My great-aunt had not shown surprise, although I had never before invited anyone to join me in Weinfelden. Ursel Lange insisted that not only she but also her housekeeper, Frau Steinemann, would be happy to welcome my guests to the big house, Säntisblick, on top of the hill overlooking the vineyard slopes. Although many homes with a view of the majestic mountain had the same name, the Lange residence was very grand, slightly forbidding behind high walls ensuring total privacy. Although it had the steeply pitched roof to deal with winter snows there were round towers at each end. The sloping site meant that below the main entrance floor there was one more, and three storeys above. For one elderly lady it had been for a long time far too big. It would be until the day she died.
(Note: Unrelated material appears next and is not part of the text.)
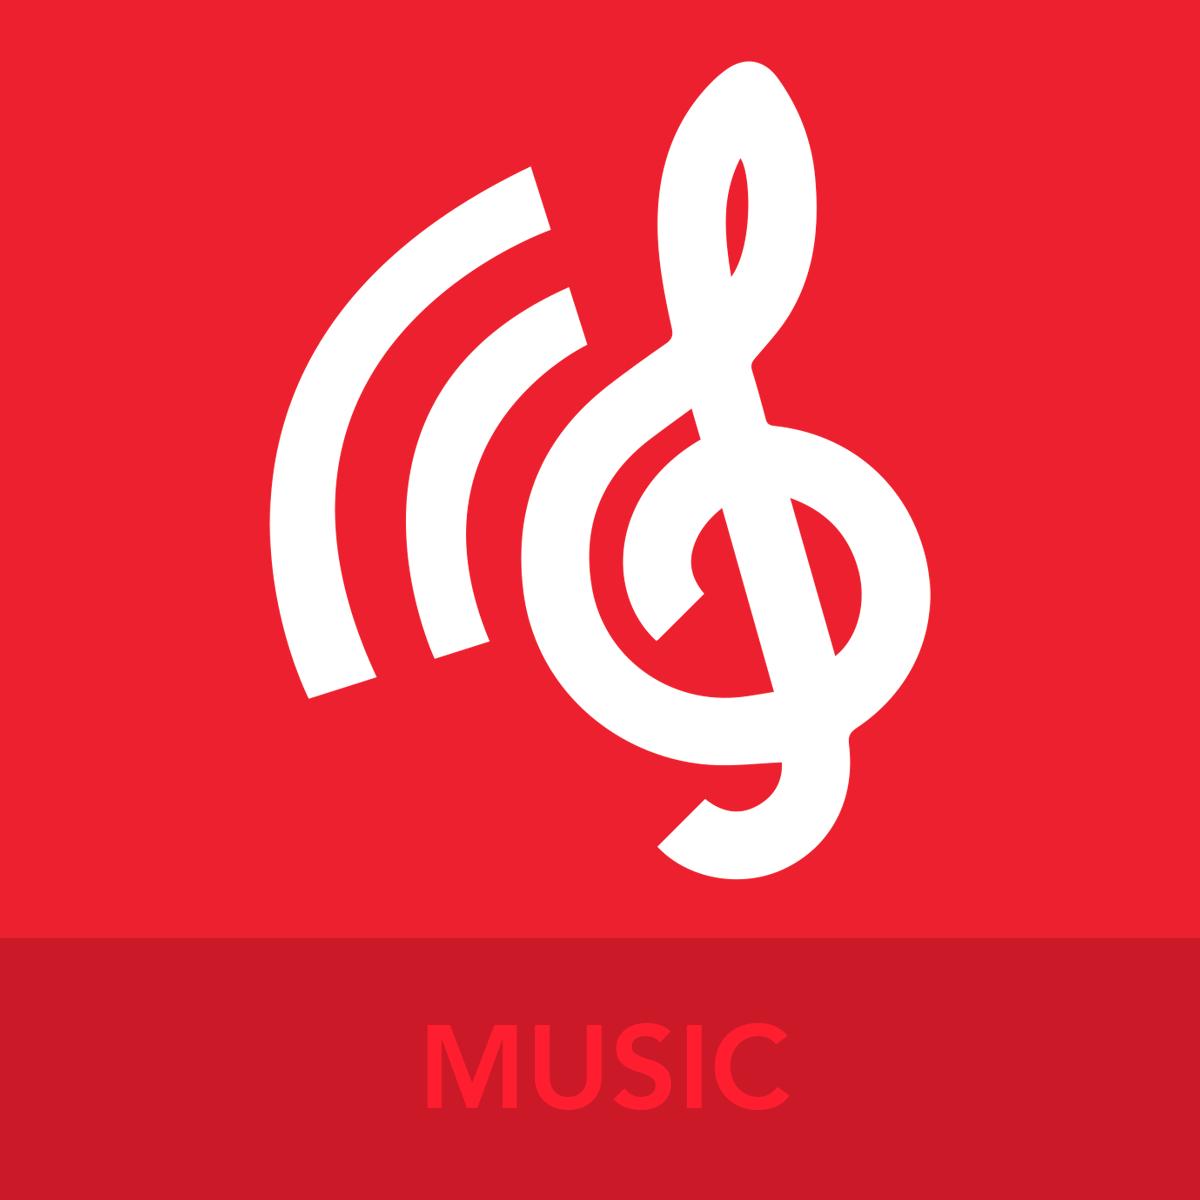 MUSIC ICON BUTTON
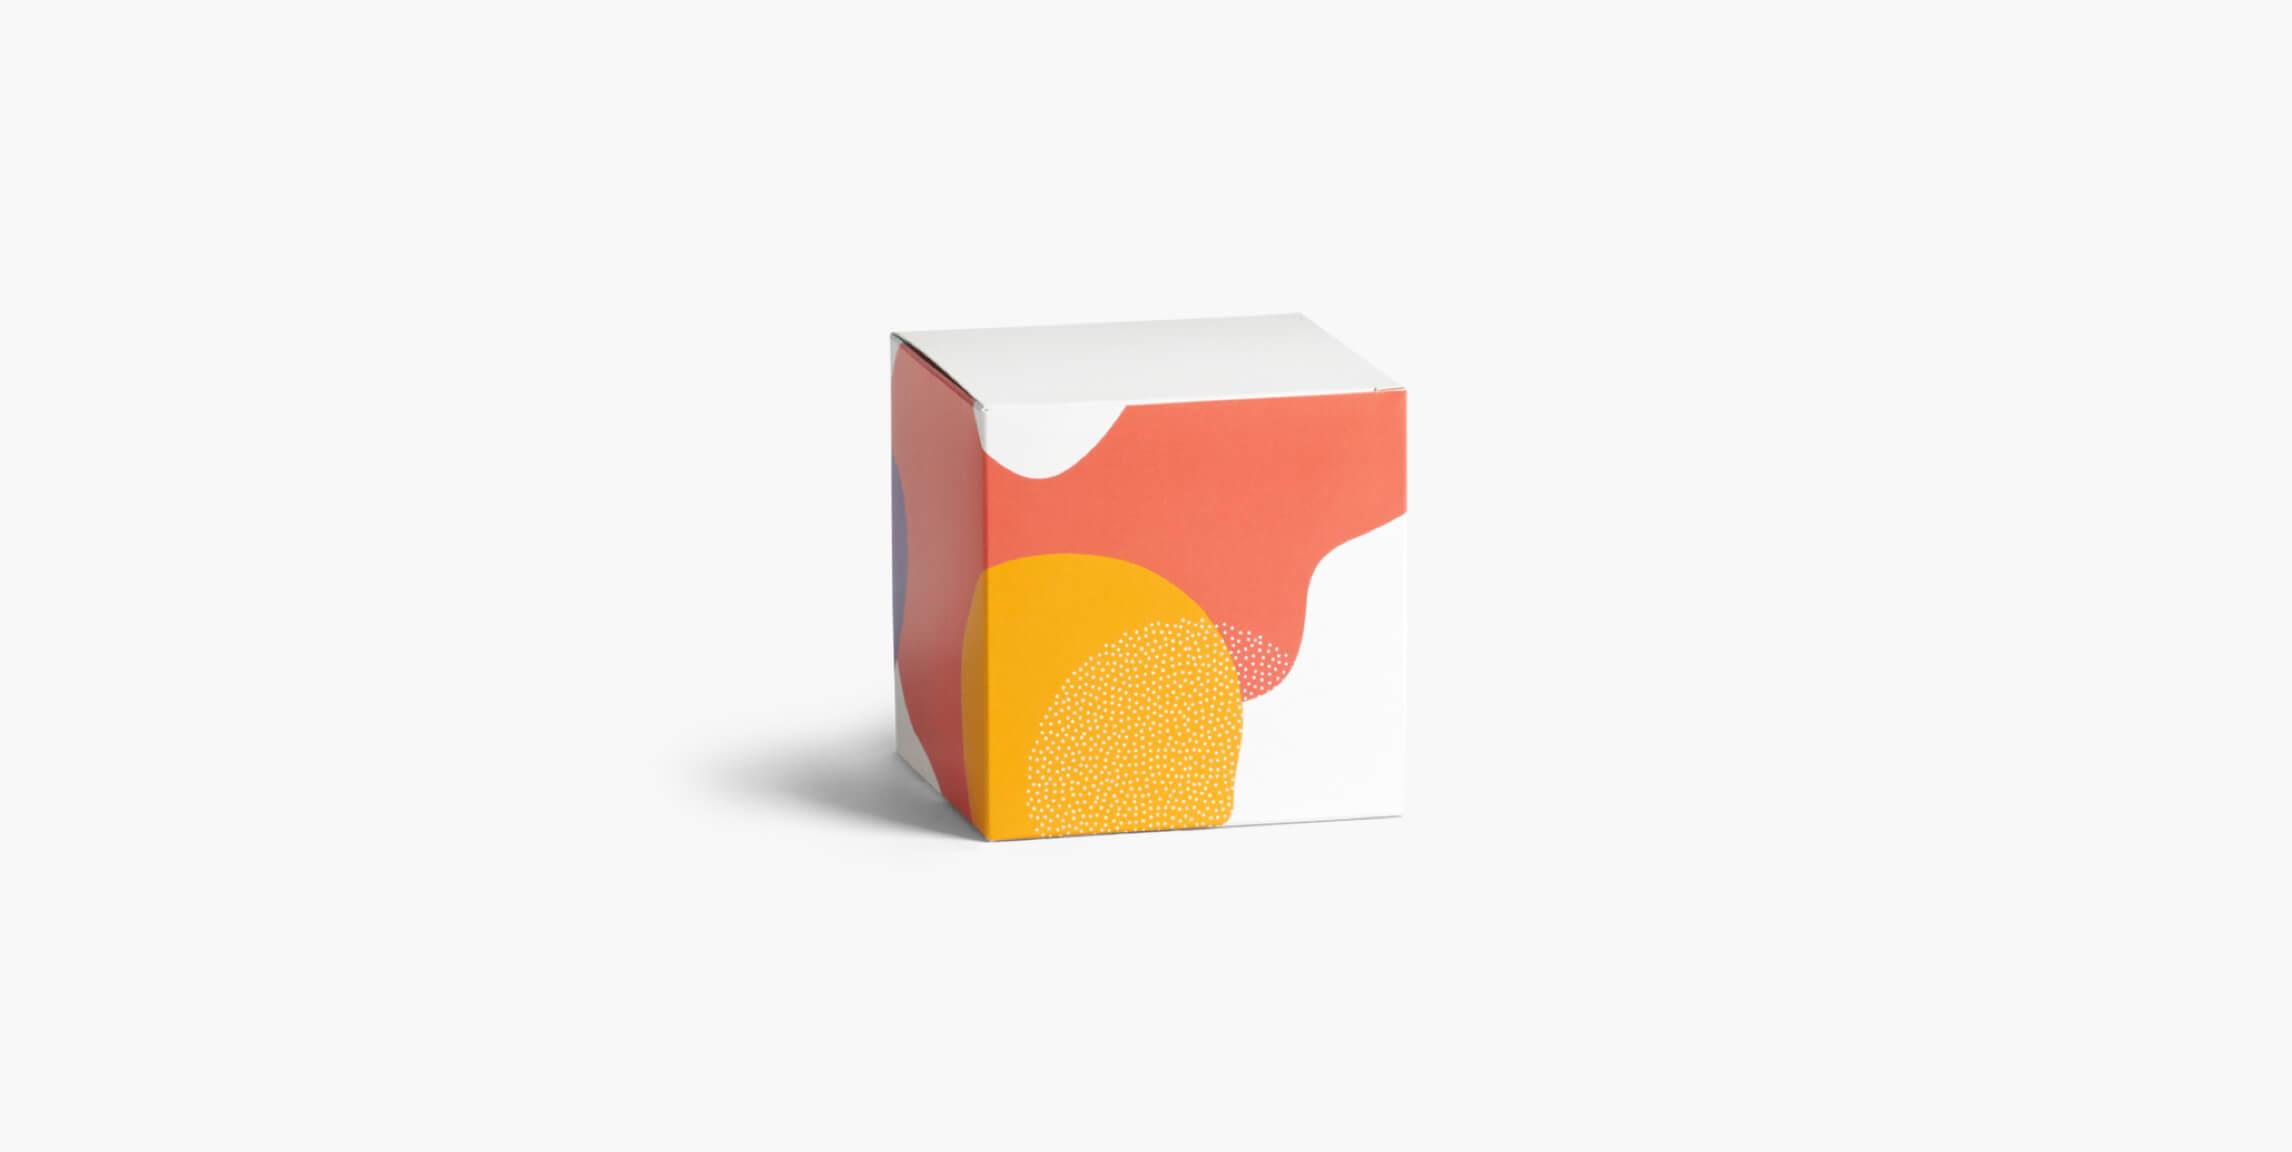 73ffb5a23ccc Caja para productos classic - paqueteria personalizada para empresas -  Packhelp

I assured Frau Steinemann that Dirk and Bea were engaged to marry and that they might well find the Arvenholz pine panelled turret bedroom to their liking. It was as far removed from my own room as the house allowed. Dirk tended to shout encouragement with the vociferous enthusiasm of a football fan supporting his team when engaged in sexual congress. This Ursel would find most amusing, given that I had told her last summer that Dirk was also markedly well endowed. The term ‘porn star dimensions’ (fully warranted, I promise) had not crossed my lips, but I left my great-aunt in no doubt whatsoever. I never thought she would meet him, did I?
Why did I not prolong my affair with Dirk?
Why did Ursula Lange break off her liaison with Ludwig-Viktor Lessinger when she was in her mid-forties?
At this point in my story (for it is one of intrigue, criminality and peril, the sort that Dirk loves to read) there should already be a corpse lying somewhere. That of Herr Lessinger doesn’t count, does it? But, no, I feel I must digress and get a couple of things clear about my family.